When most people think of the average tech entrepreneur, the pale guy who codes while playing World of Warcraft in his gadget-filled basement pops up. This image goes against society’s definition of femininity, and as a result, little girls who aspire to become extroverted women who have interests ranging from fashion to business do not consider computer science or engineering as a viable career path.
I have been told repeatedly by my colleagues in tech that I do not fit into the Silicon Valley mold….that I seem too “New York” or too feminine to be a VC. Truth is…I love fashion, I love art (I was this close to enrolling in Parson’s School of Design), and I read InStyle just as regularly as I read VentureBeat. But I am also a former gaming addict — I programmed my own RPG game in middle school, and I was an engineering major who spent half of my weekends in college writing code in Matlab.

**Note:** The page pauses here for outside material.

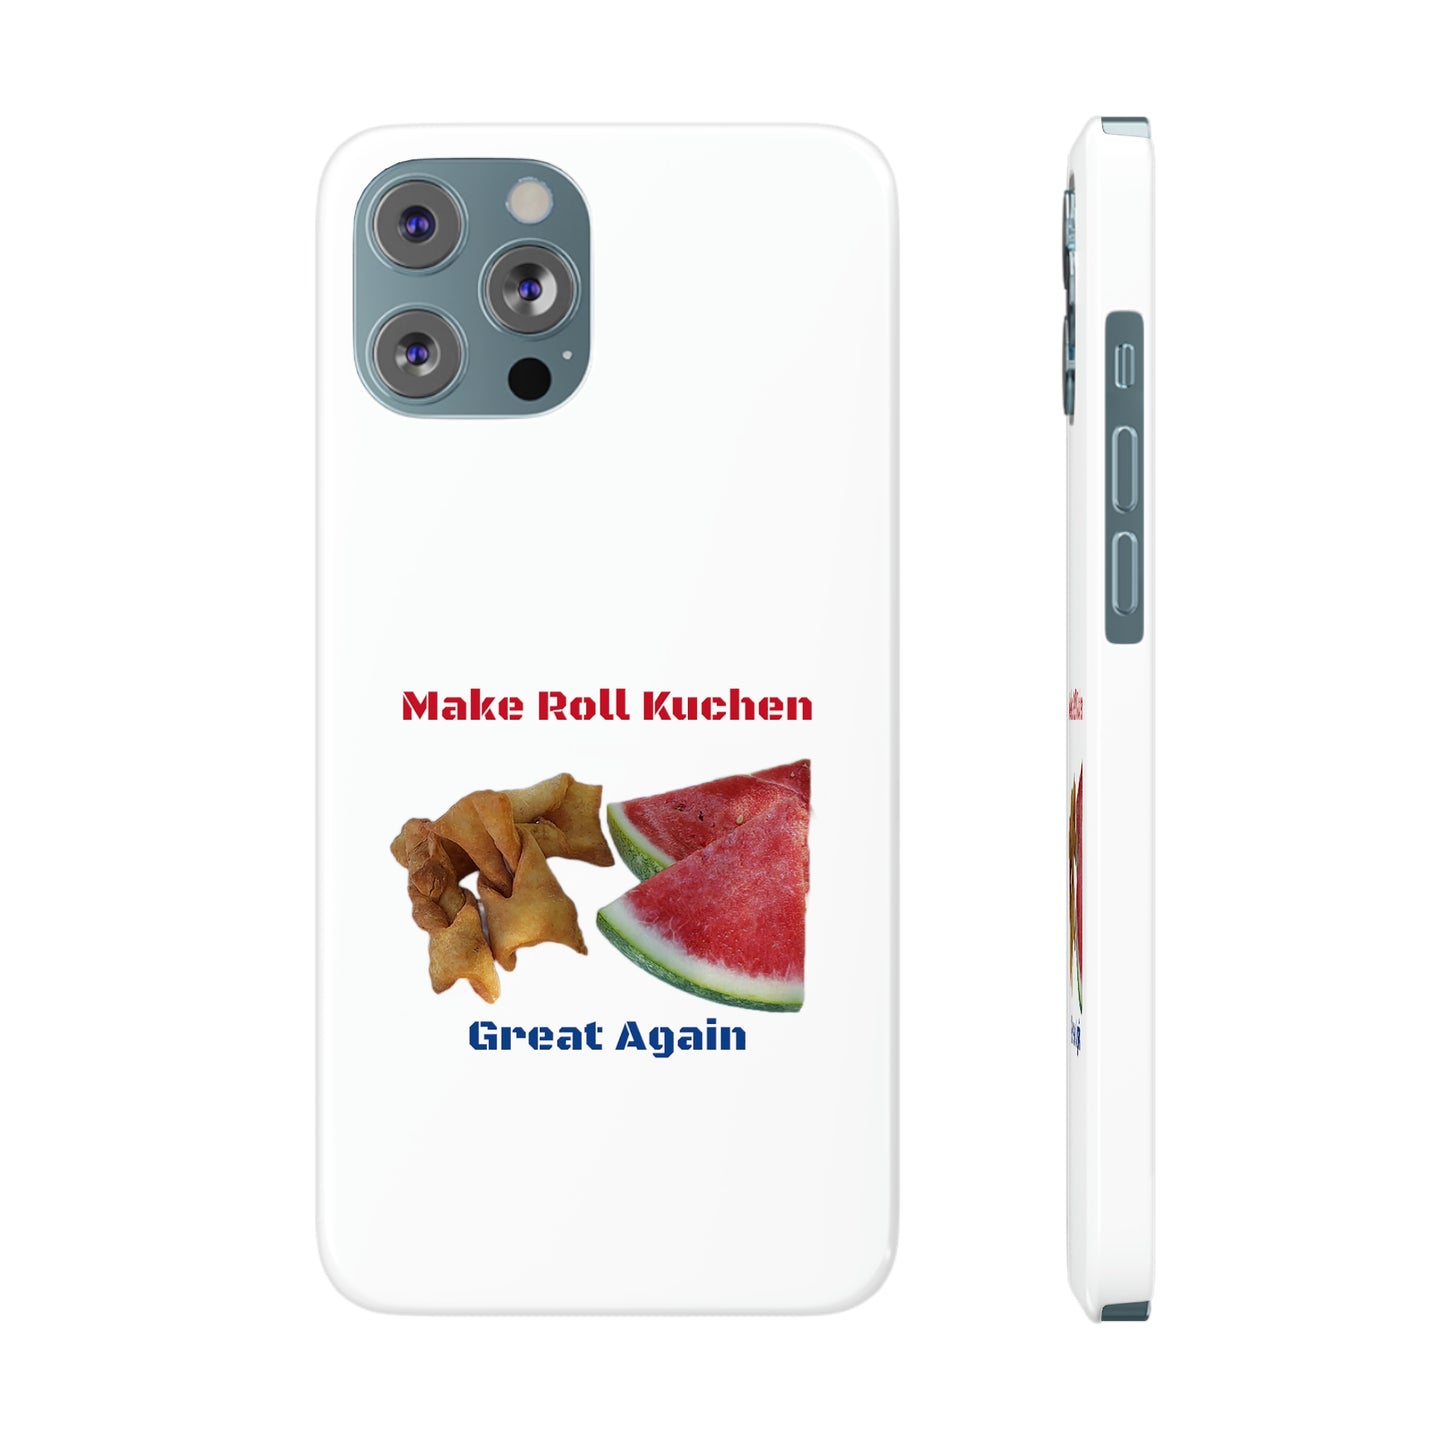 Make Roll Kuchen Great Again iPhone Slim Phone Case
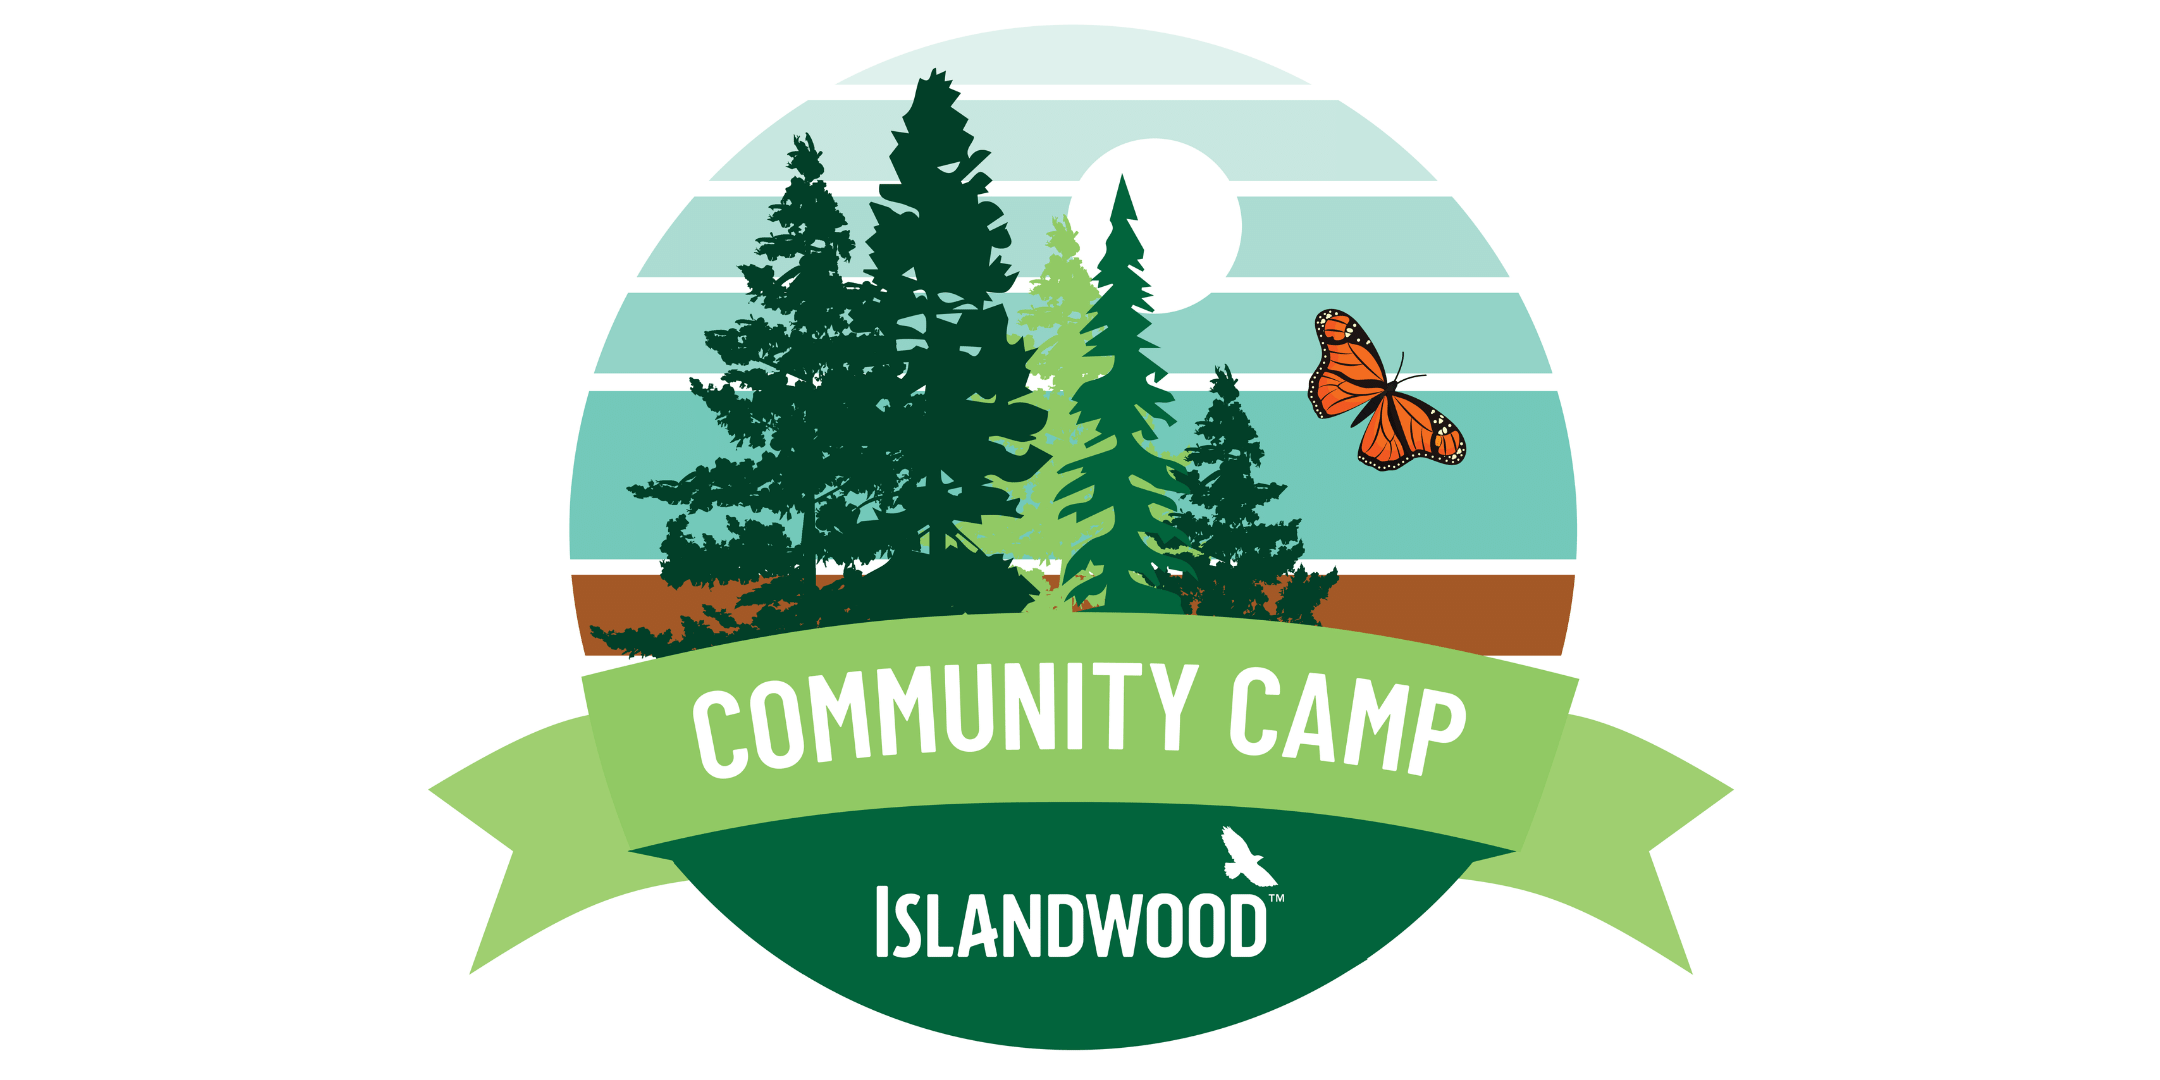 IslandWood Community Camp - Campaign

These things are not mutually exclusive, and being an engineer, a computer programmer or a venture capitalist does not mean a woman has to give up what makes her feminine. But I recognize that I was very lucky. My mother is an engineer and fashion designer in her spare time, and I never believed that a woman had to be one or the other.
So how do we solve this problem? By having more female tech entrepreneurs and VCs in the public eye who are unafraid to break down stereotypes (for instance, stylish, highly competent leaders like Yahoo’s new CEO, Marissa Mayer). Ultimately, more young women need to see that programmers and VCs don’t always have to be a “he”. In 2011, only 17 percent of computer science grads were women, and only 5 women appeared in the Midas List, Forbes’ annual list of the top 100 venture capitalists.
When I look at Blumberg Capital’s portfolio companies, I feel very lucky to be able to look up to some amazing female entrepreneurs, including Philippa Pauen at Wummelkiste, and Joanna Riley at One Page Company. But, we need more women in technology who are willing to break the mold. Silicon Valley has got to produce a female Mark Zuckerberg or Vinod Khosla, so girls will aspire to be in tech from a very young age.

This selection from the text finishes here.